* Recorded information *
§ §

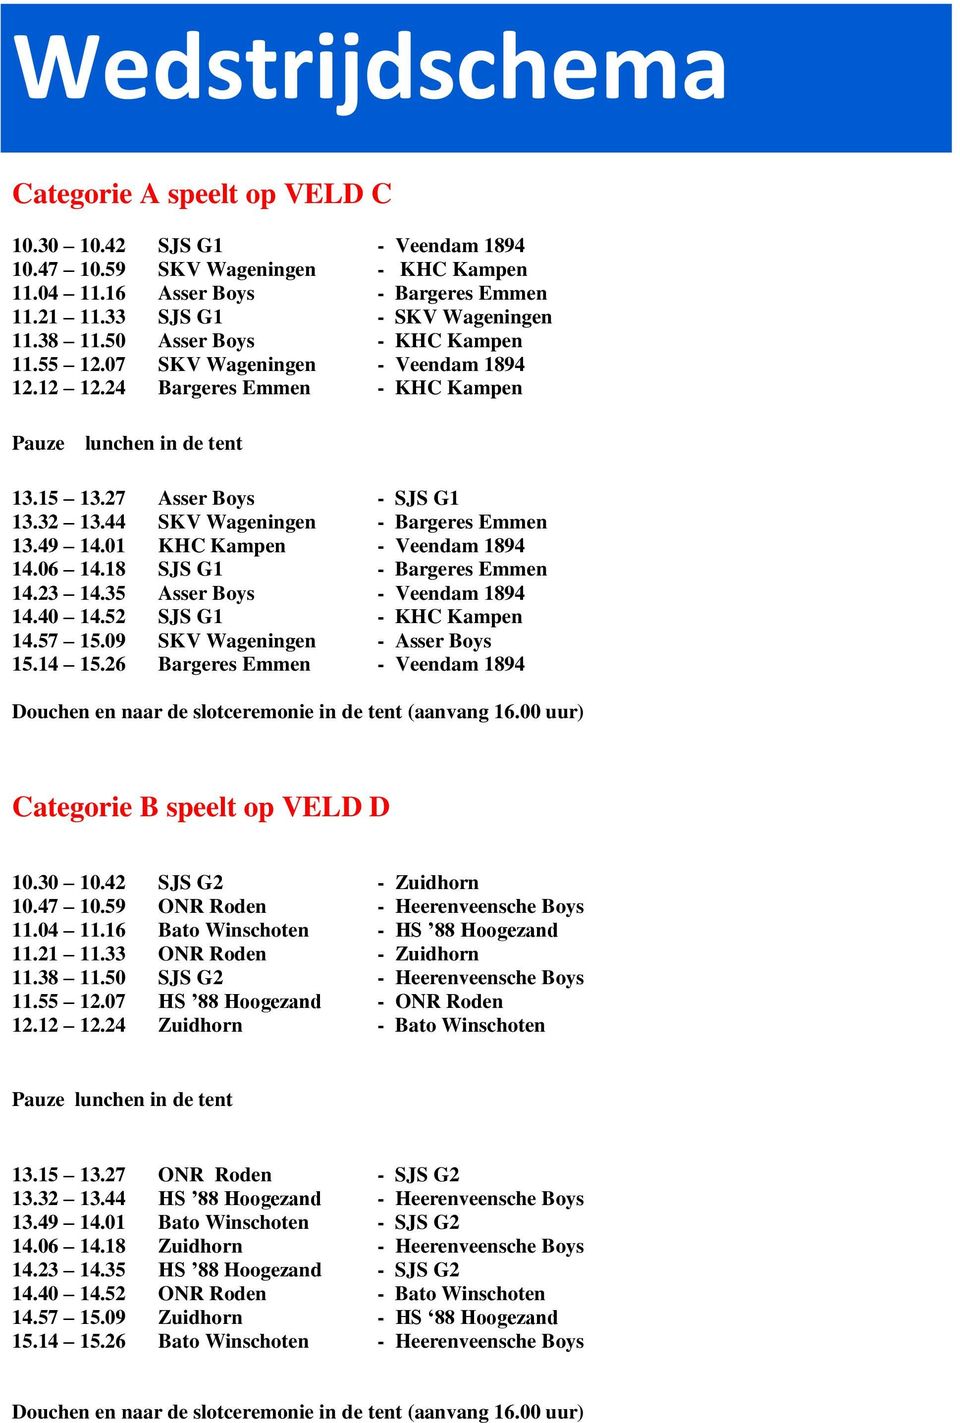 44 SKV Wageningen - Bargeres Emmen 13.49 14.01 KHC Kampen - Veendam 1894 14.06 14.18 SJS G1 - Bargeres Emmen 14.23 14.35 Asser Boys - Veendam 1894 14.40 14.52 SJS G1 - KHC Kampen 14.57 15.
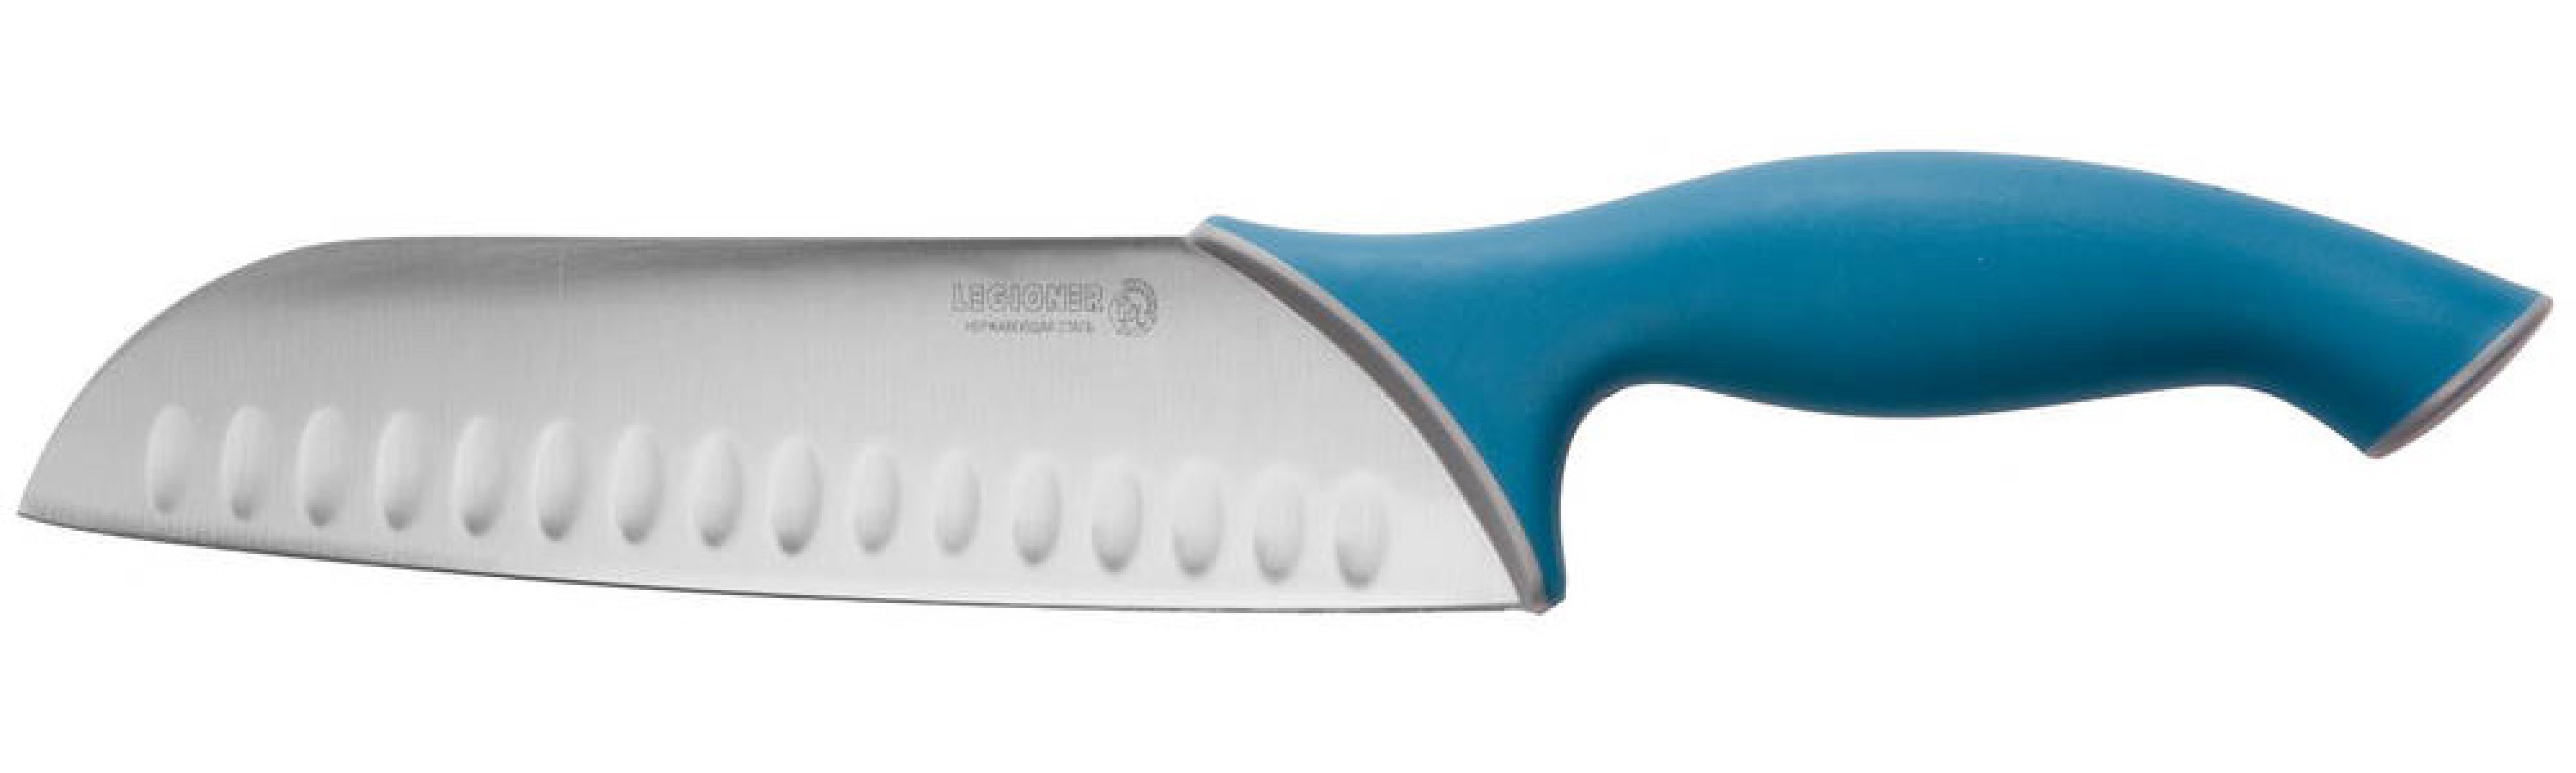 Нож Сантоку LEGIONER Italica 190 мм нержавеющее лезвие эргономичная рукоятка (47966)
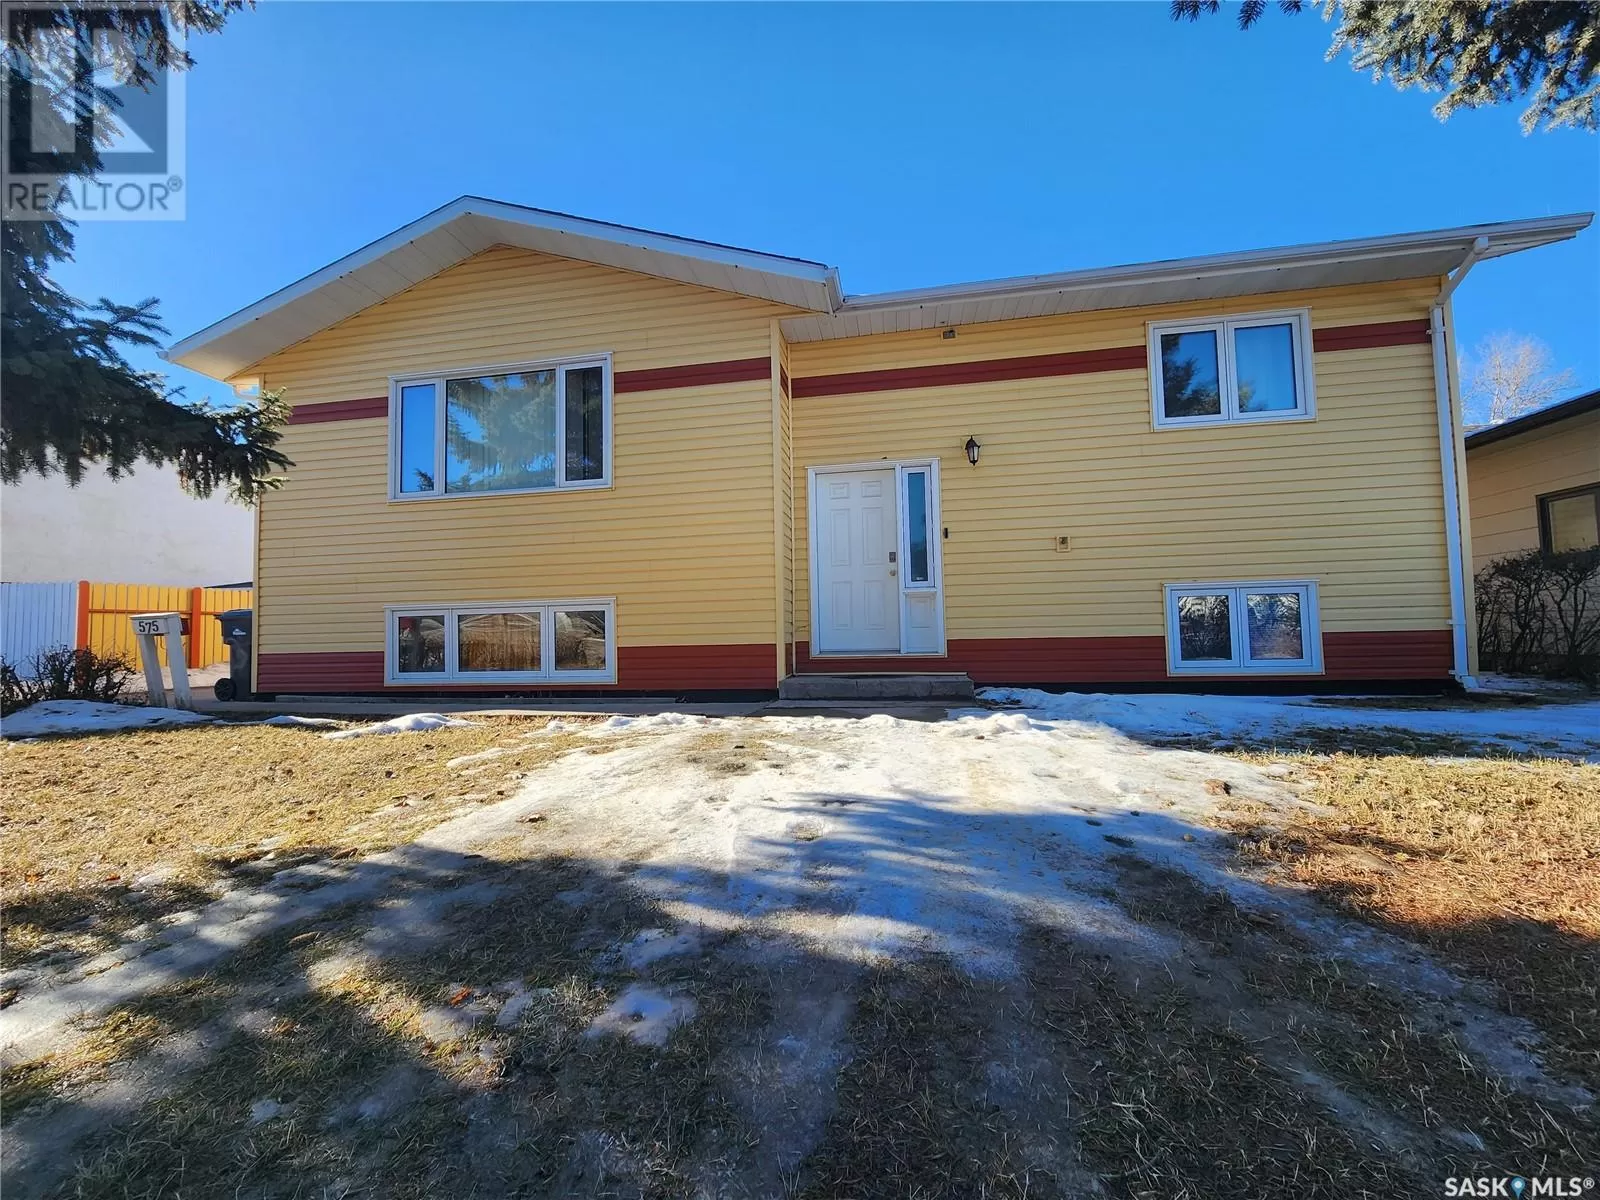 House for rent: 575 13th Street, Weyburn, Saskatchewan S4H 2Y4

§ §

* Task directions *
Start with the line that holds "Нож Сантоку LEGIONER" and retype each line through the last one in the data, exactly and without pictures.

* Worked solution *
 Нож Сантоку LEGIONER Italica 190 мм нержавеющее лезвие эргономичная рукоятка (47966)
 House for rent: 575 13th Street, Weyburn, Saskatchewan S4H 2Y4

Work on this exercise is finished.